*EXERCISE AIM*.
Could you please output all of the data exactly, without the images?

*DATA SEGMENT*.
---+---

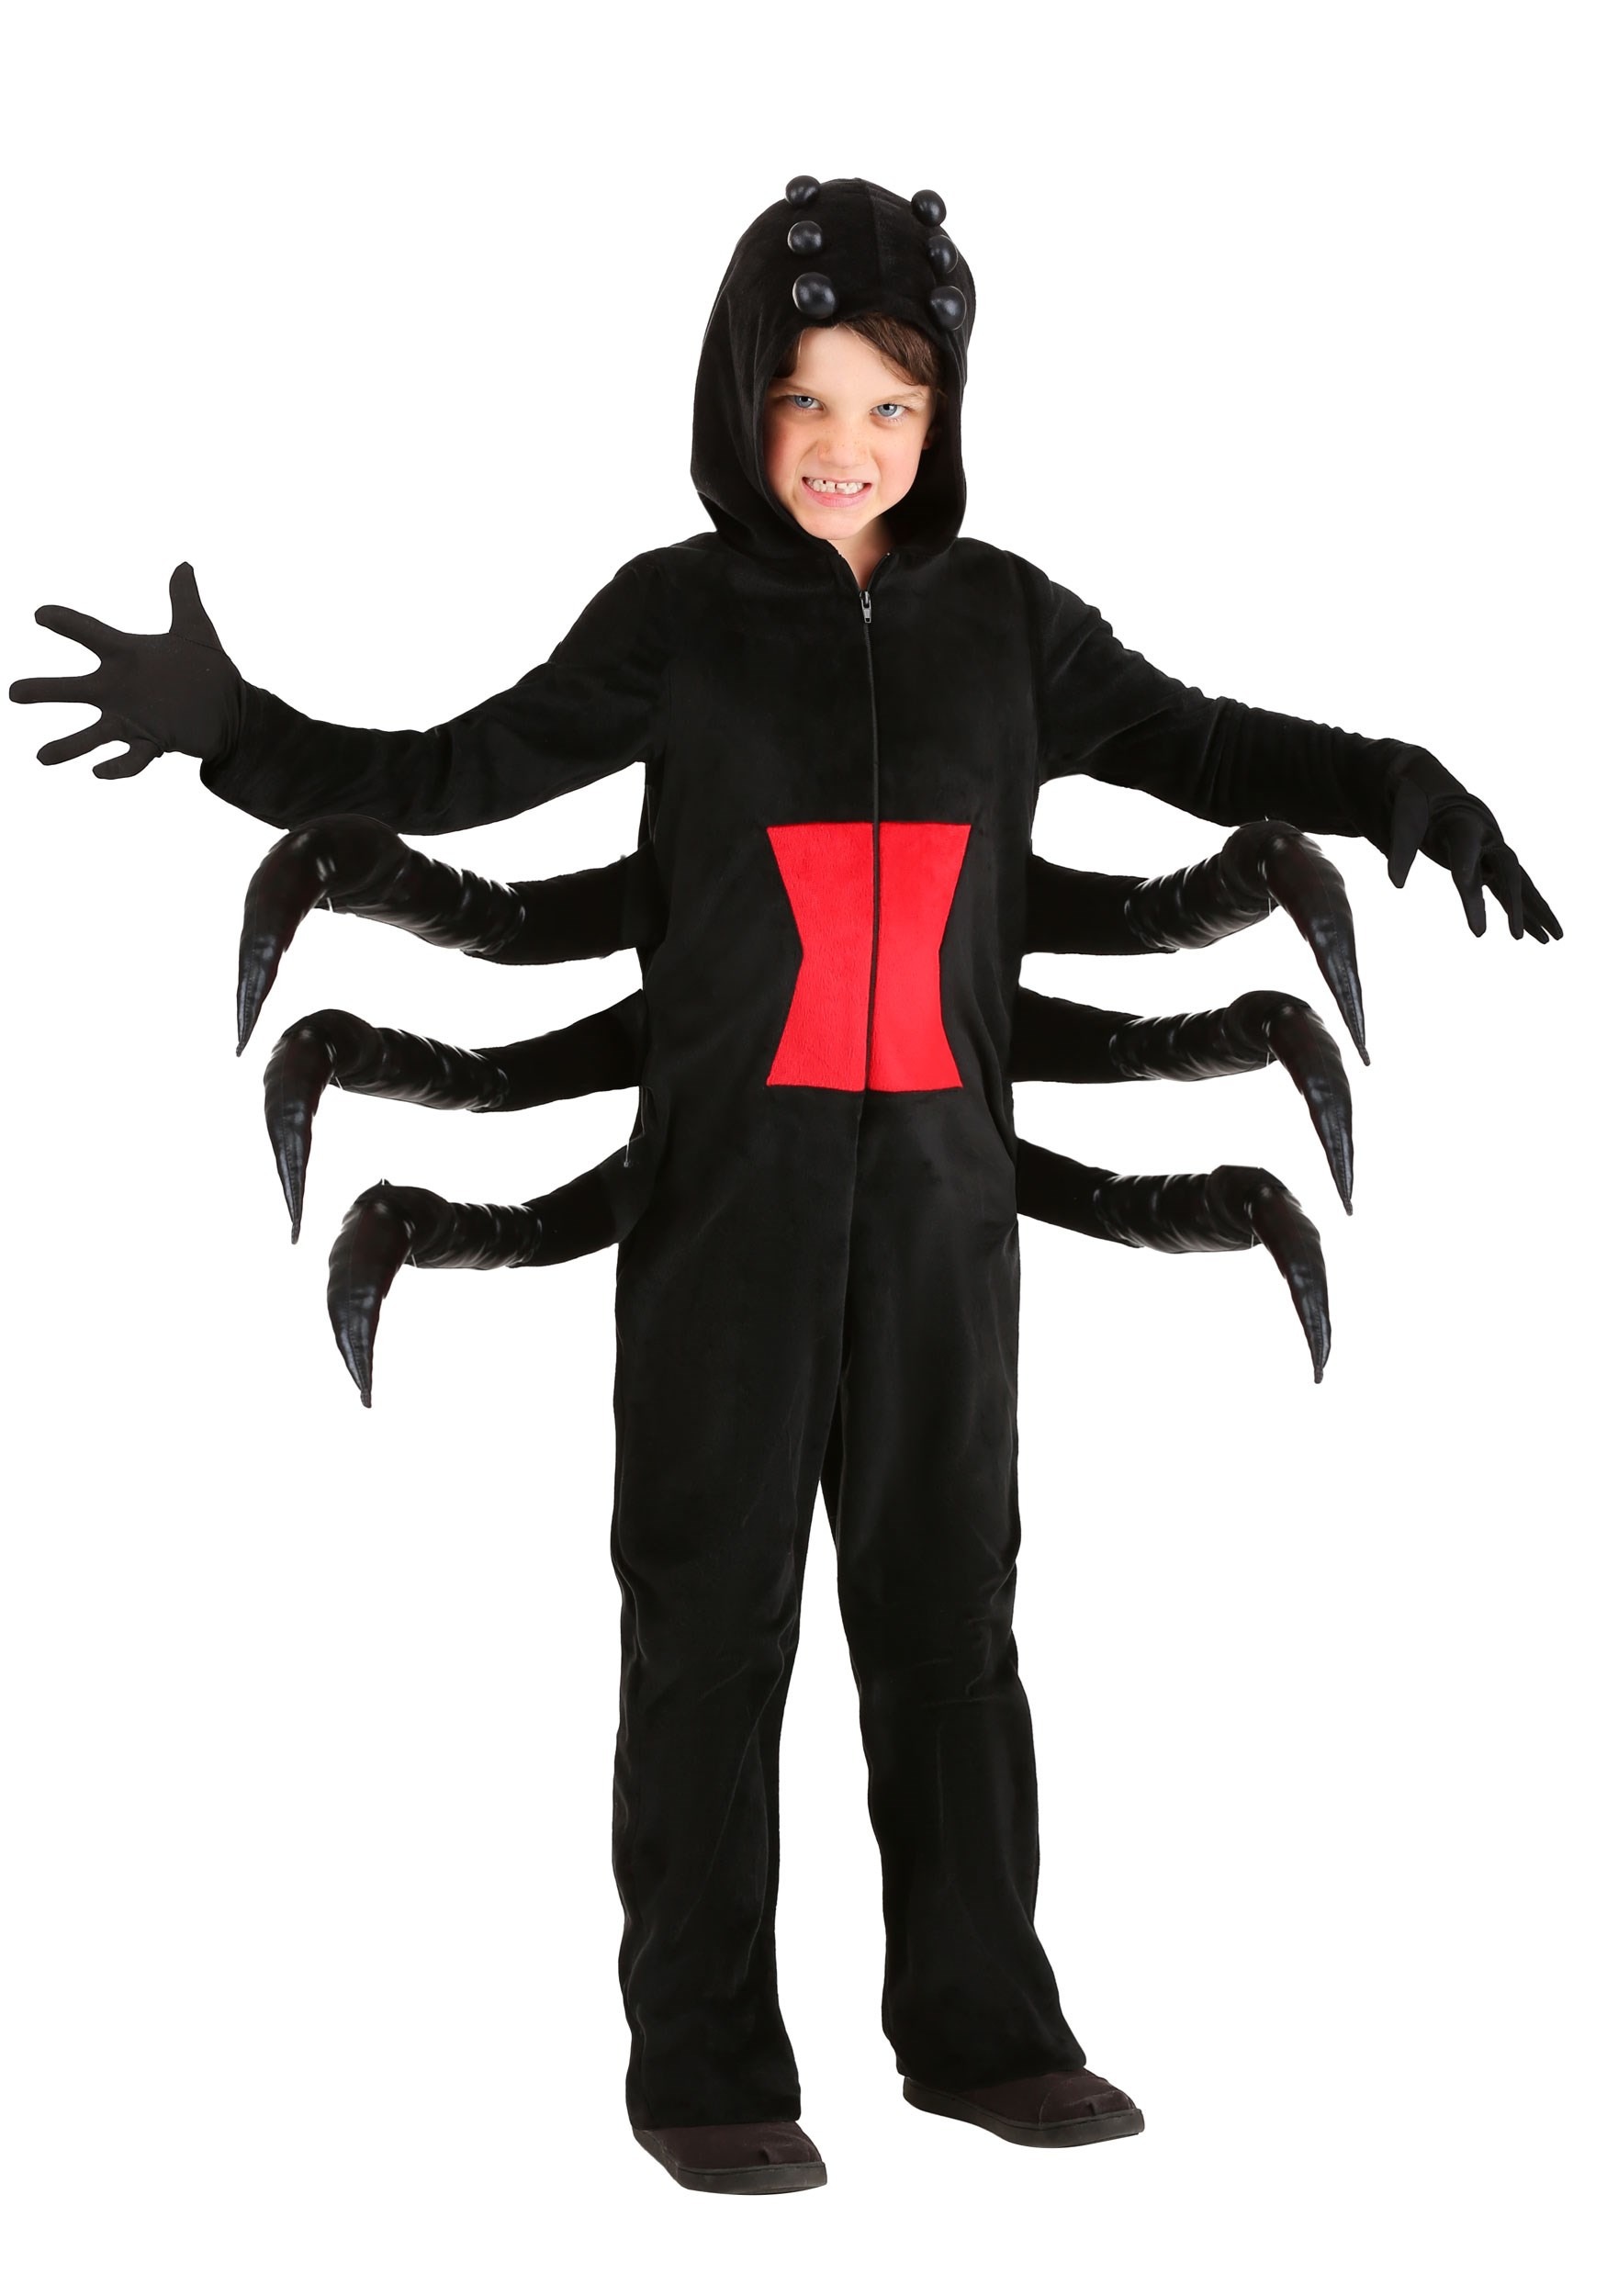 Kid's Comfortable Spider Costume
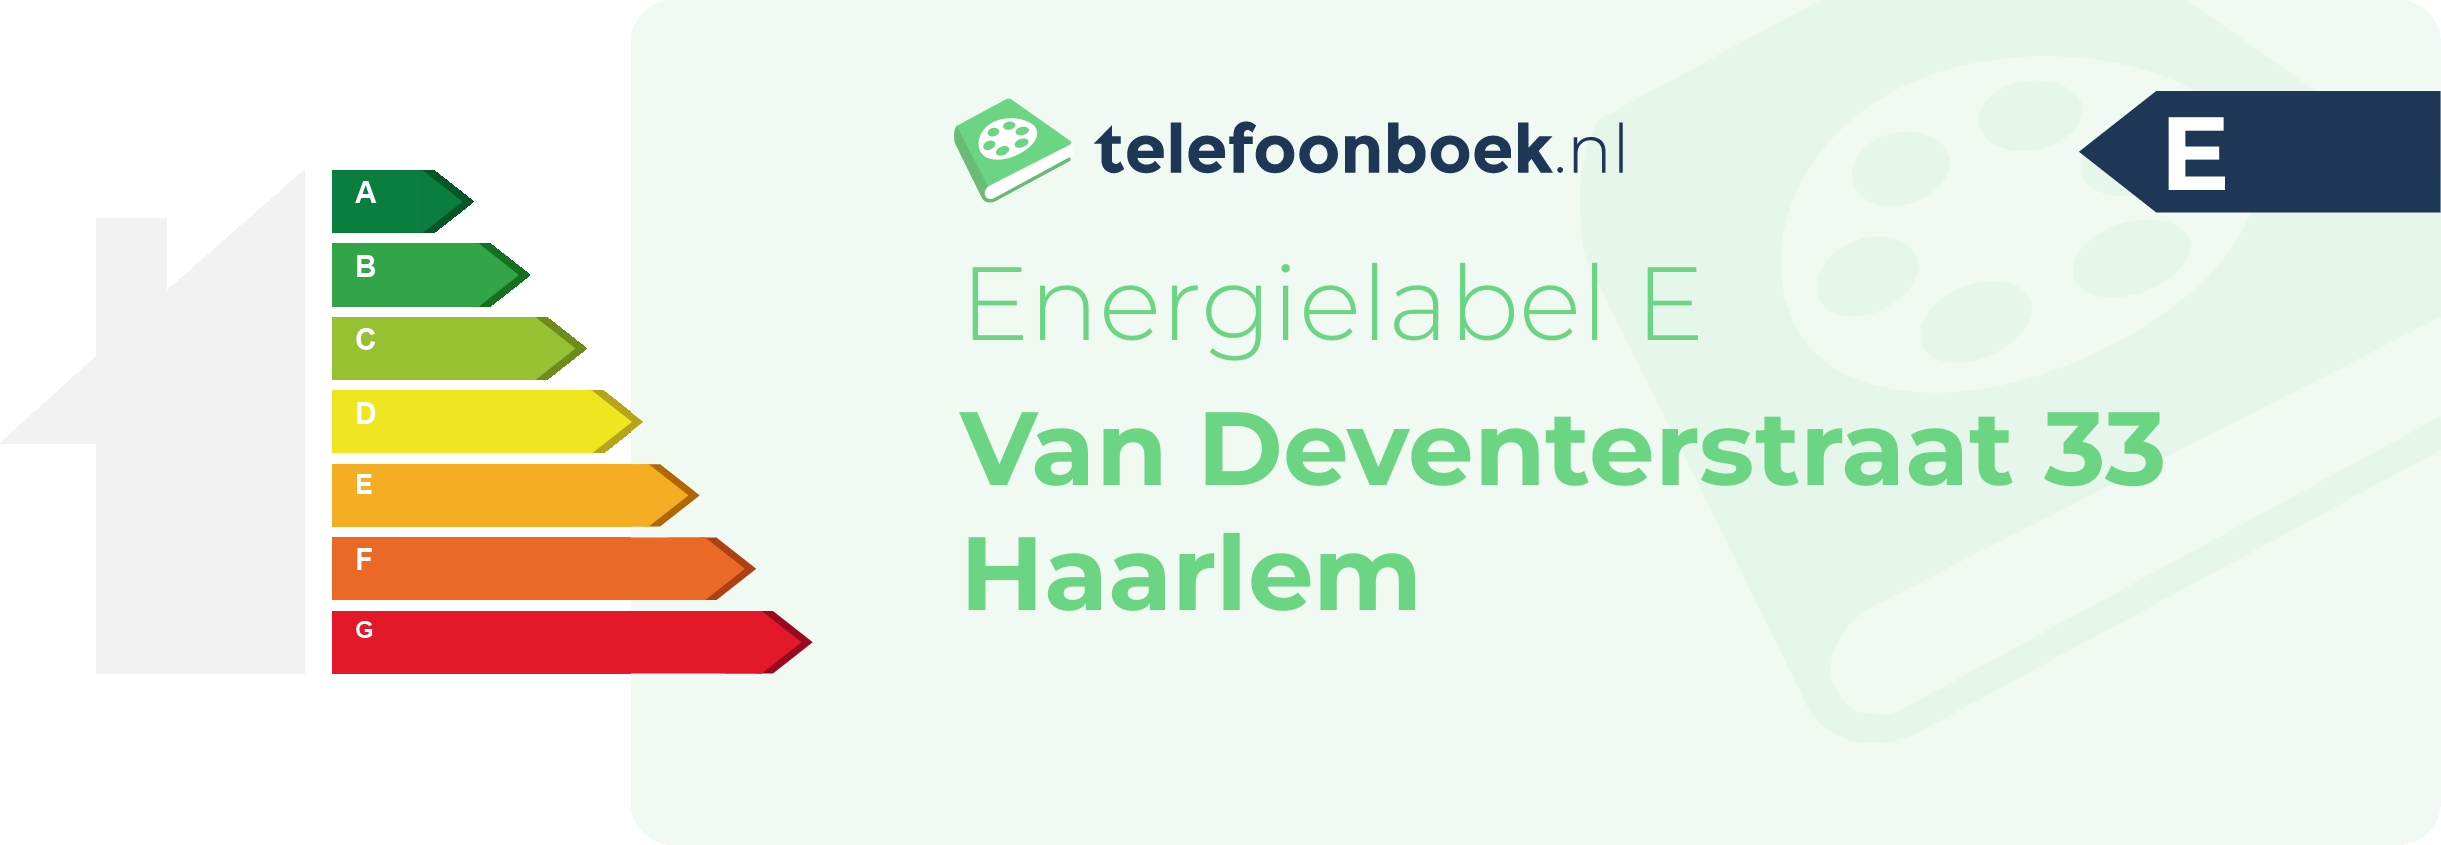 Energielabel Van Deventerstraat 33 Haarlem
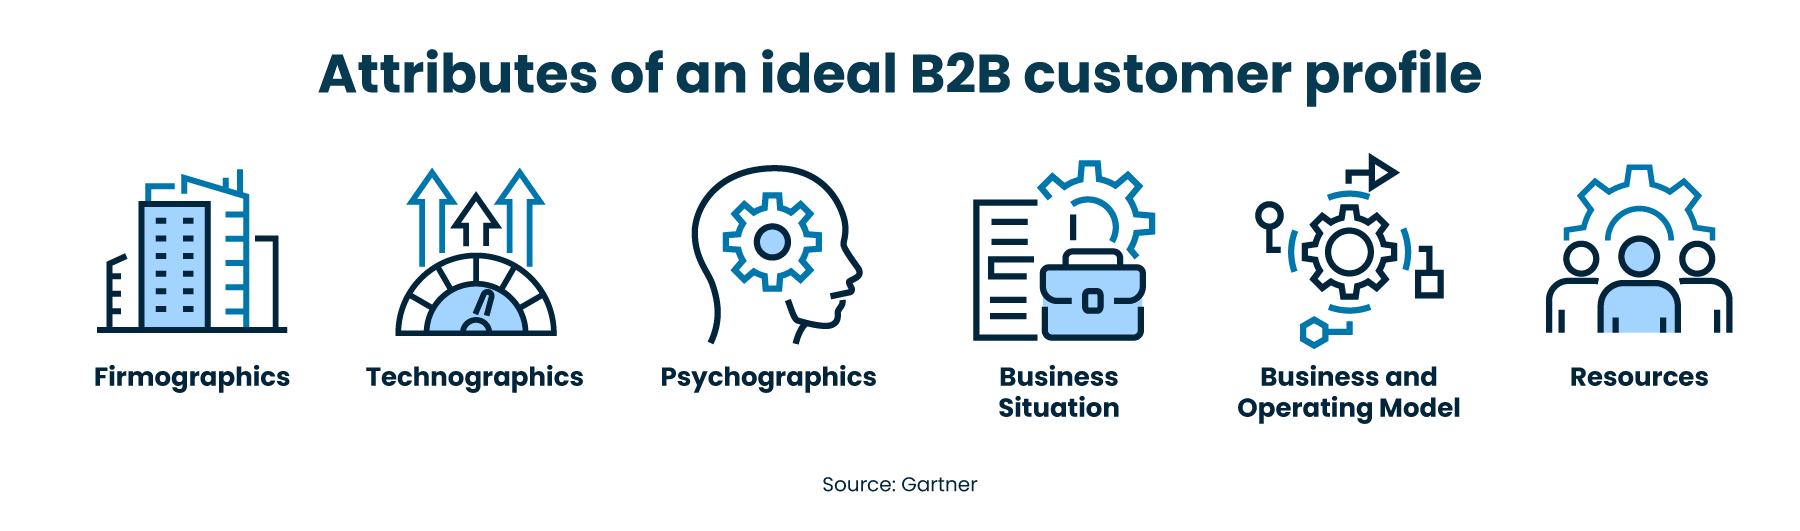 Attributes of an ideal B2B customer profile

---+---

*SOLUTION FOR THIS PROBLEM*.
 Kid's Comfortable Spider Costume
 Energielabel Van Deventerstraat 33 Haarlem
 Attributes of an ideal B2B customer profile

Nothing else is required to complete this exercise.